Dec 13, 2010

Linux load average

I wanted to write an article about a topic that over time, it is still generating much confusion: the load average.

The system load average is a set of three numerical values which are provided by tools such as uptime or top. These values represent the average number of system processes that during the last 1, 5 and 15 minutes have been waiting for any resource of the system (CPU, disk access, network, etc.)

[root@centos ~]# uptime
15:43:45 up 9 days,  5:19,  1 user,  load average: 1.62, 1.49, 1.39

[root@centos ~]# top
top - 15:44:32 up 9 days,  5:20,  1 user,  load average: 1.38, 1.43, 1.37

In the previous output of the uptime command, 1.49 means that during the last 5 minutes, an average of 1.49 processes have been blocked waiting for some resource allocation.

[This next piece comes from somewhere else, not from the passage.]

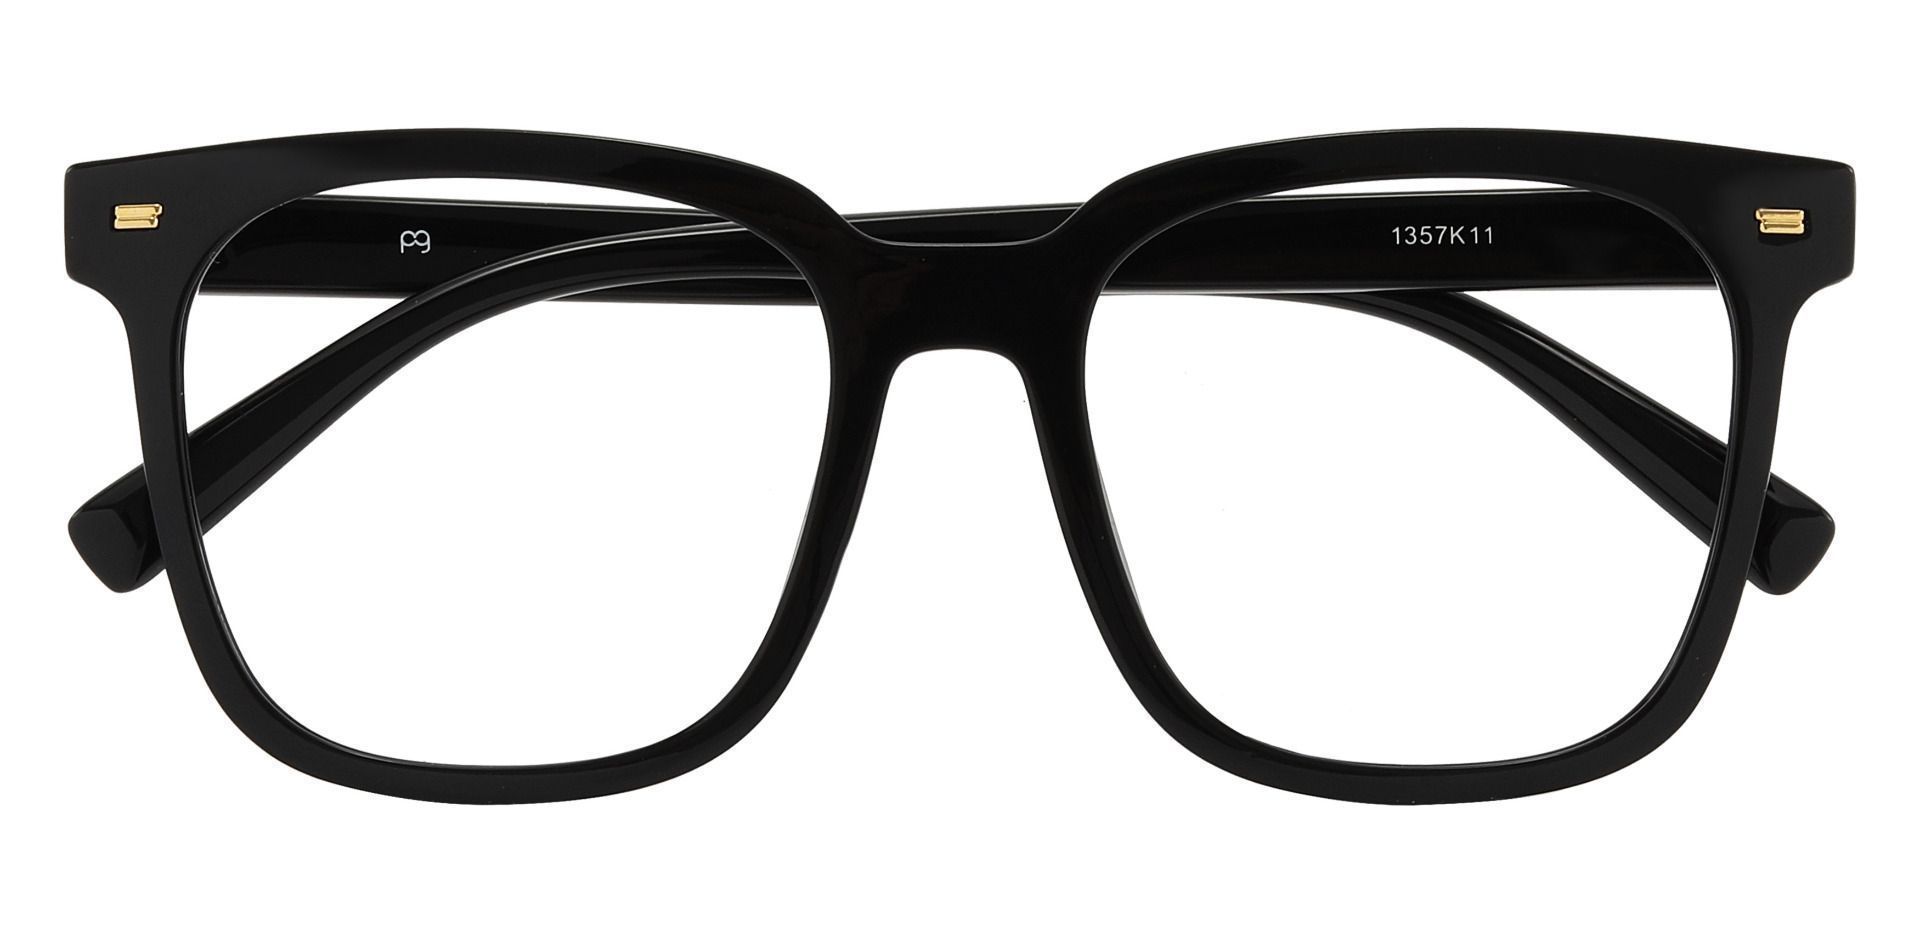 Charlie Oversized Eyeglasses Frame - Black, Men's Eyeglasses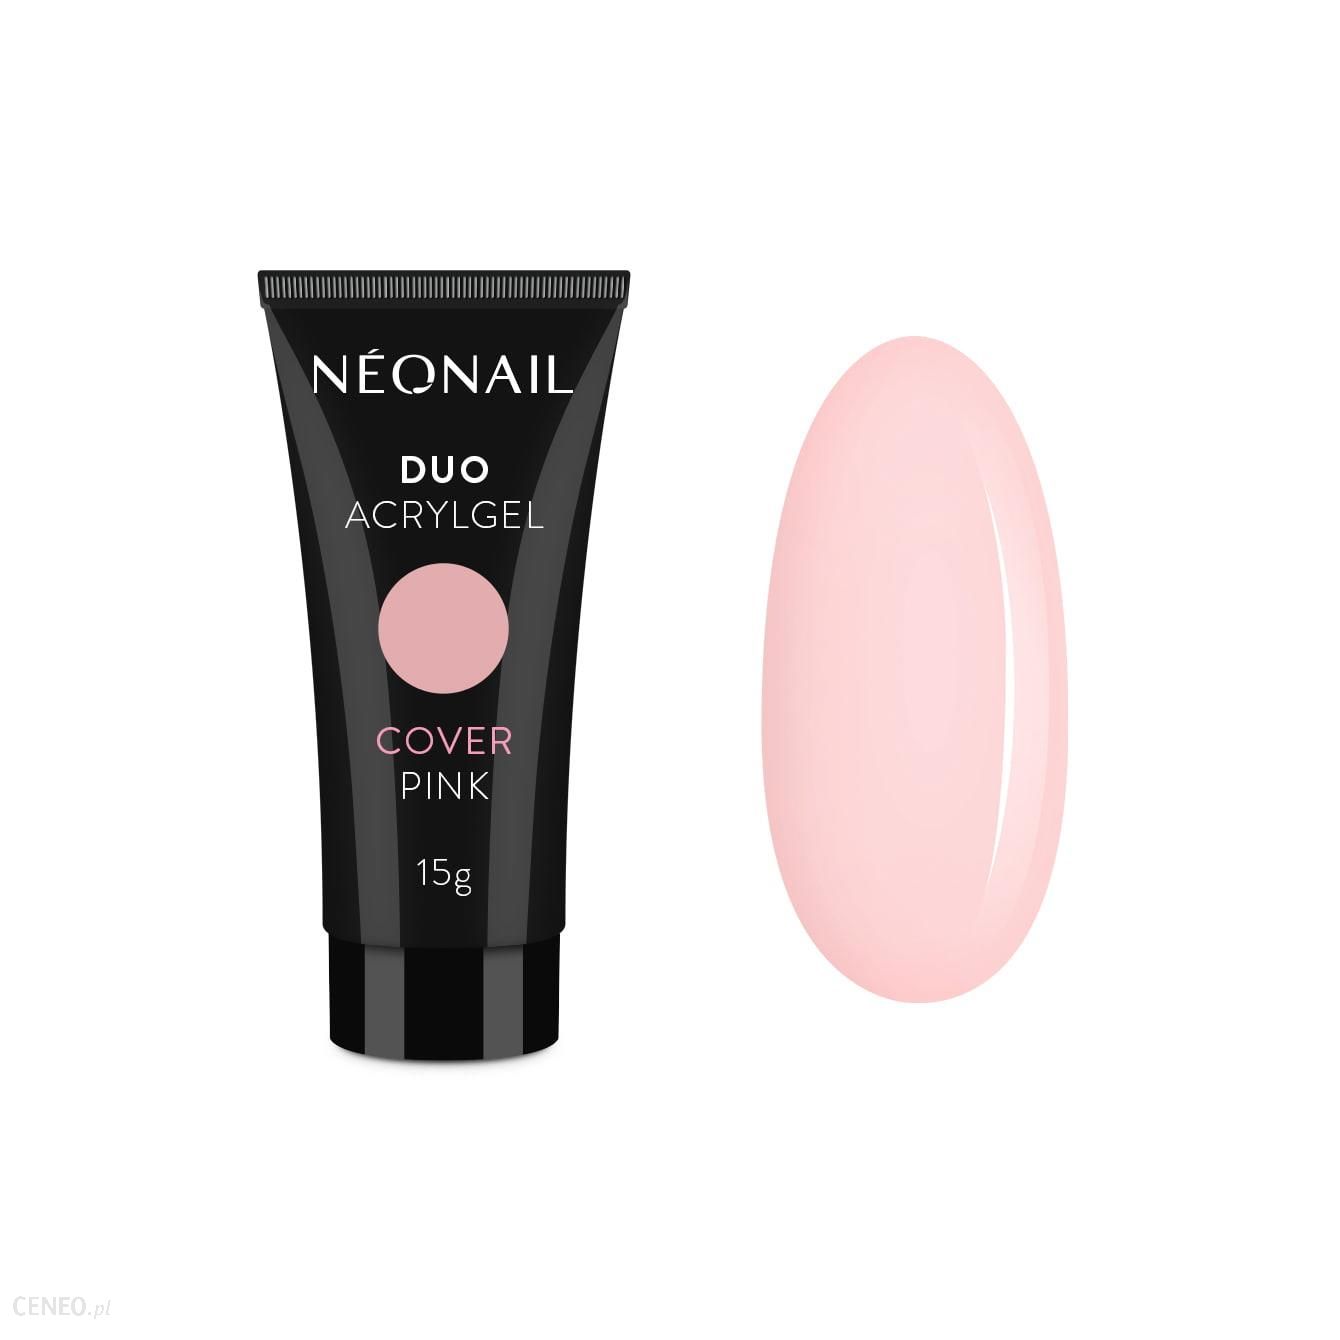 NEONAIL Duo Acrylgel Żel do utwardzania i przedłużania paznokci Cover Pink 15G

For instance, I usually set a trigger in Zabbix for when the average load during the last 5 minutes has been higher than the number of cores available on the monitored machine.

When an alarm of this type is raised, does not necessarily have to mean that the CPU is overloaded. At that moment we have to use other Linux tools, such as top, vmstat, iostat, vnstat, etc, in order to find out what process or processes are involved and what resources are affected.

Finally, to emphasize the word of the title (Linux...), since these values for UNIX systems represent the number of processes which have utilized (running) the CPU or have been expecting for it (runnable).